**Problem to solve**
Omit any picture, and return the remaining data exactly as written.

**Dataset extract**
◇ ◇ ◇ ◇ ◇
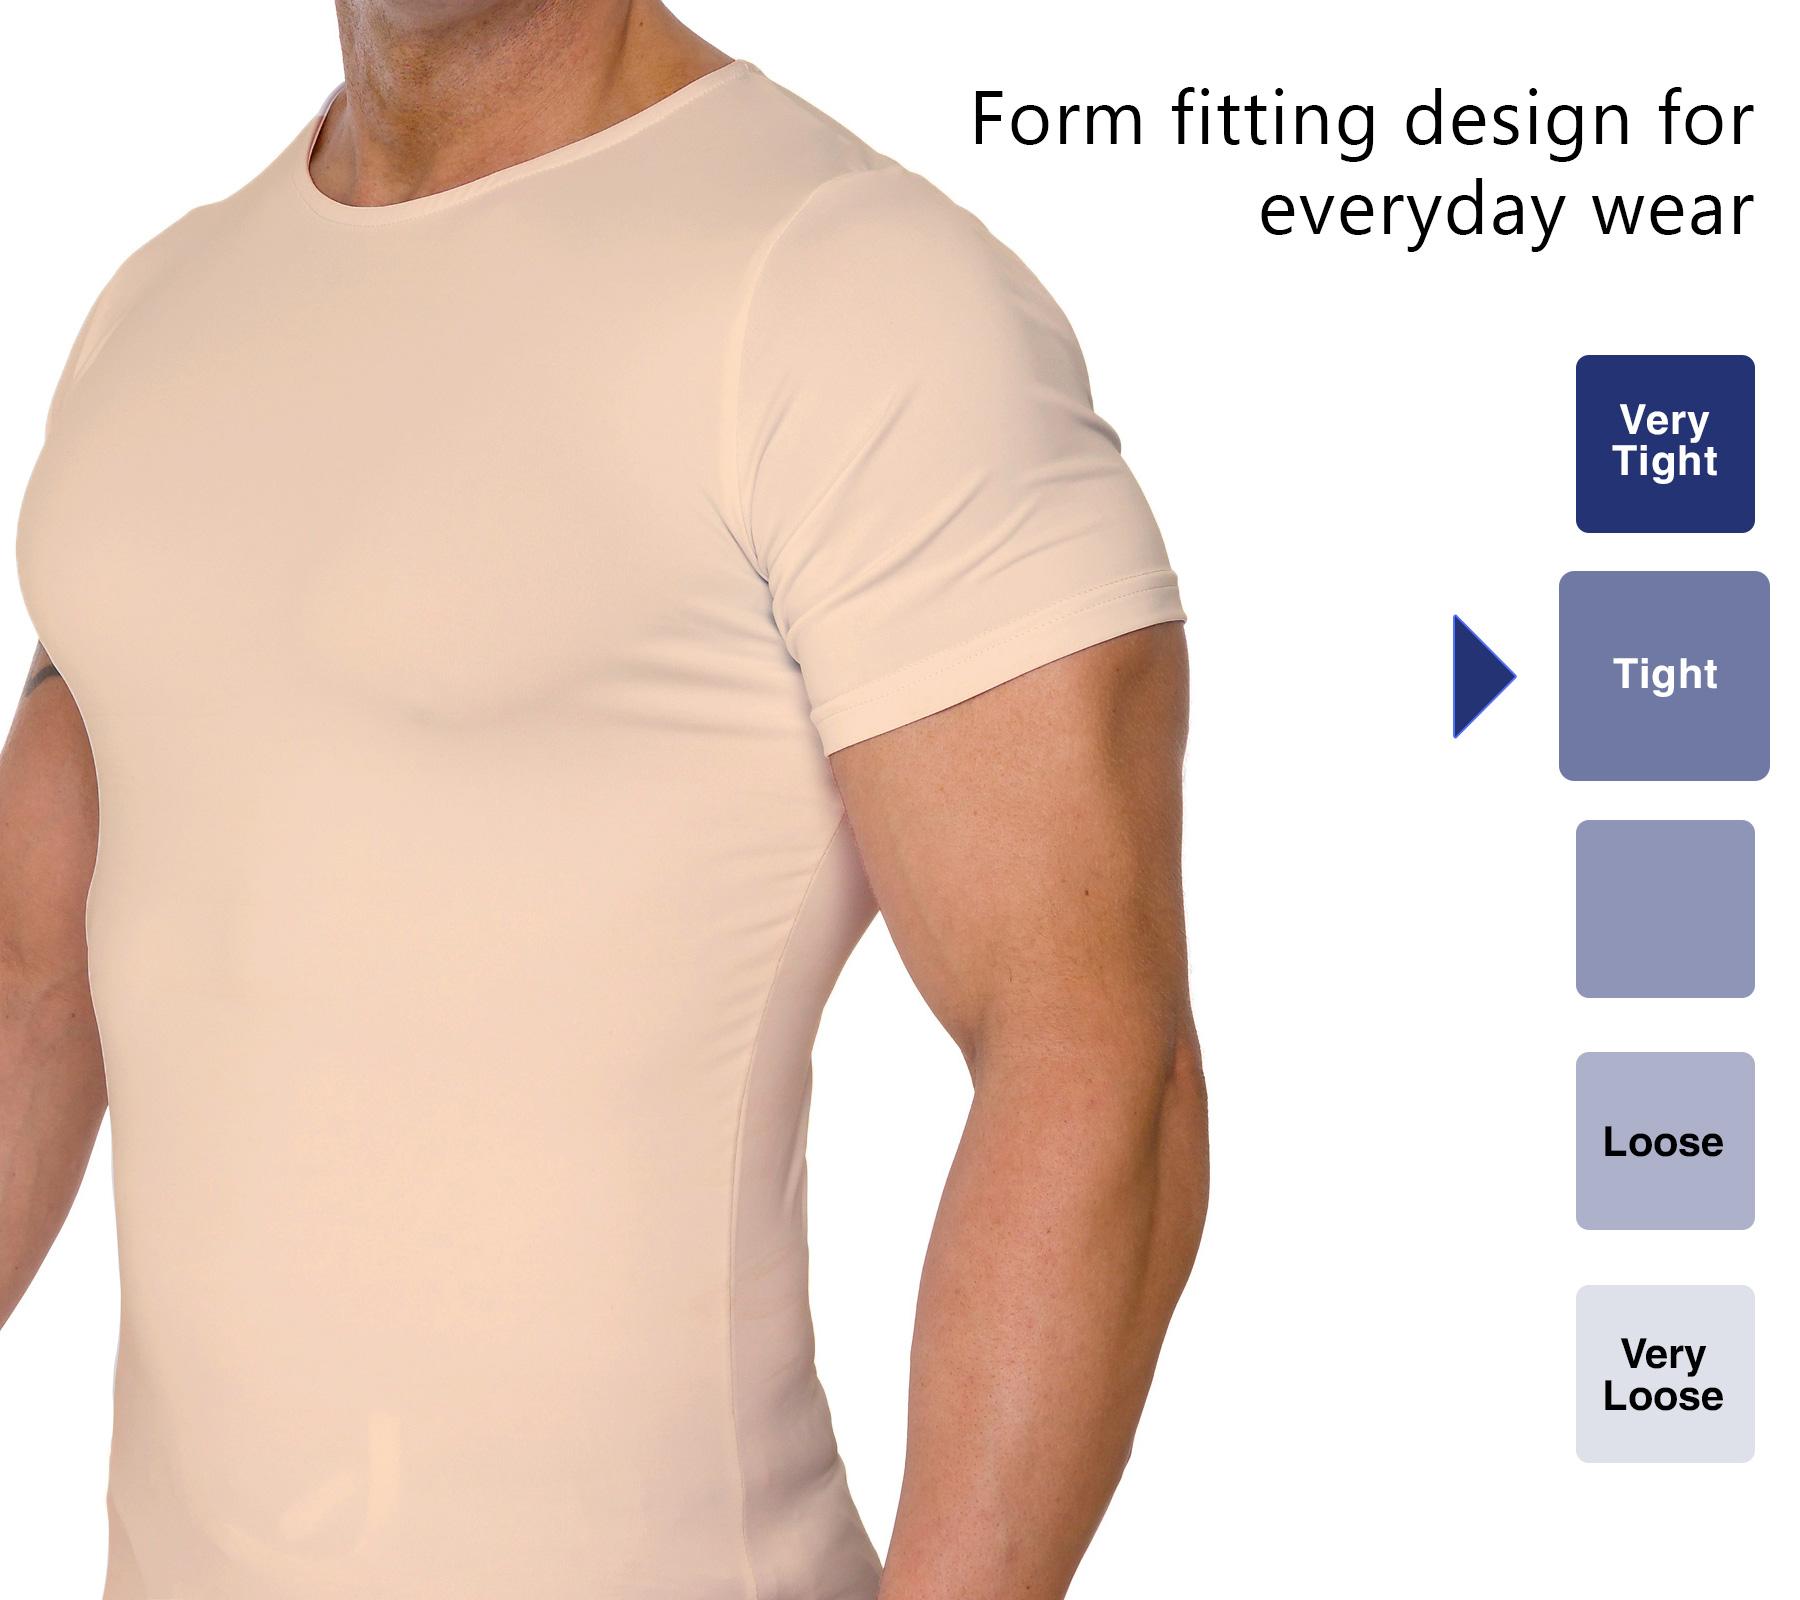 LISH-Men-039-s-Slimming-Compression-Body-Shaper-Gynecomastia-Undershirt thumbnail 16
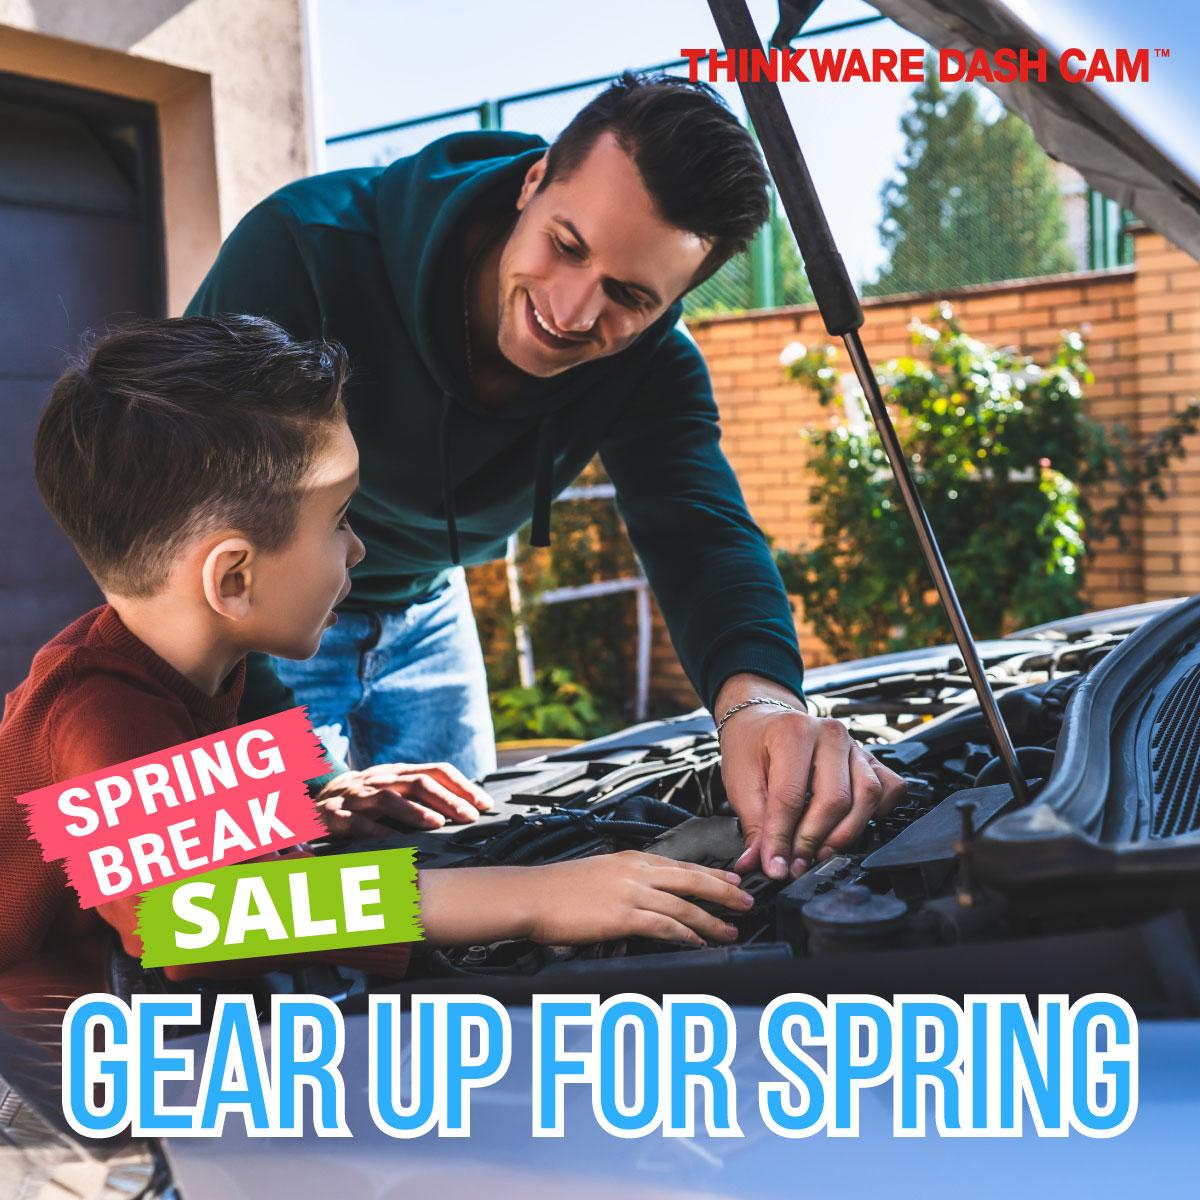 20210301 US Spring break promotion
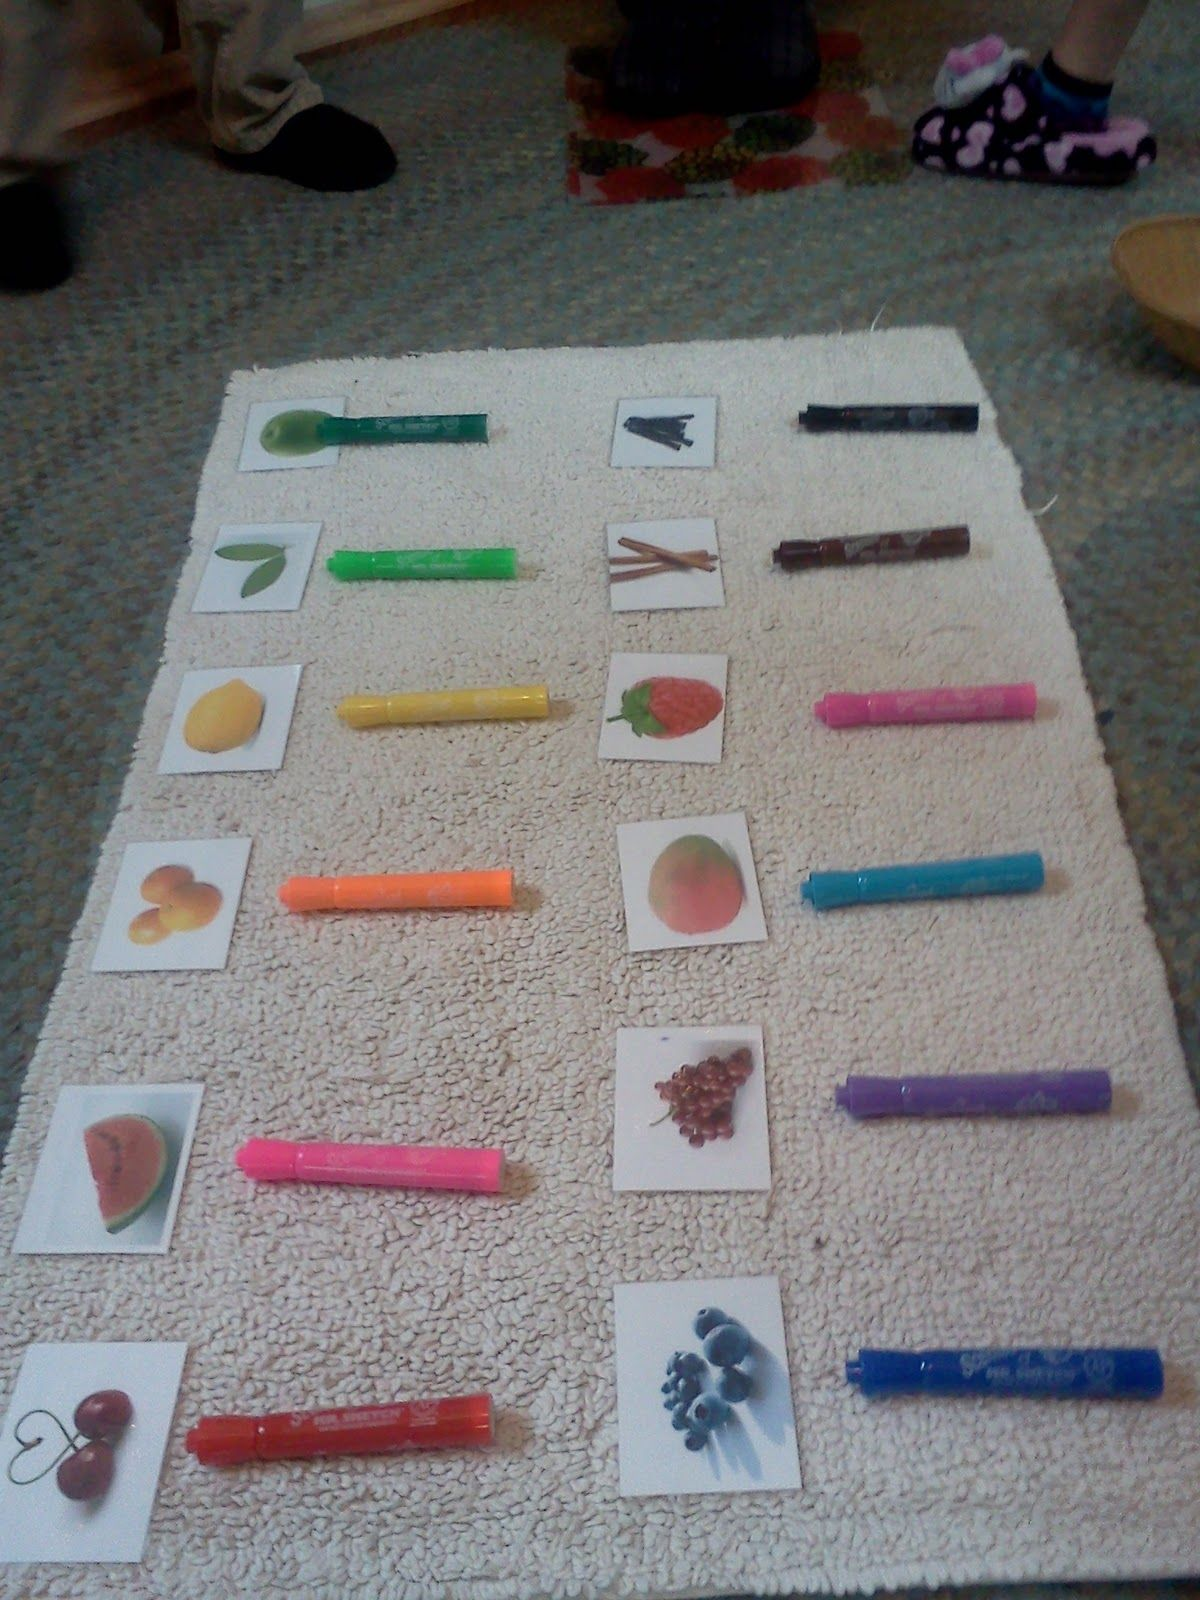 Montessori Design Sense Of Smell Mr Sketch Marker Work
◇ ◇ ◇ ◇ ◇
**Answer section**
 LISH-Men-039-s-Slimming-Compression-Body-Shaper-Gynecomastia-Undershirt thumbnail 16
 20210301 US Spring break promotion
 Montessori Design Sense Of Smell Mr Sketch Marker Work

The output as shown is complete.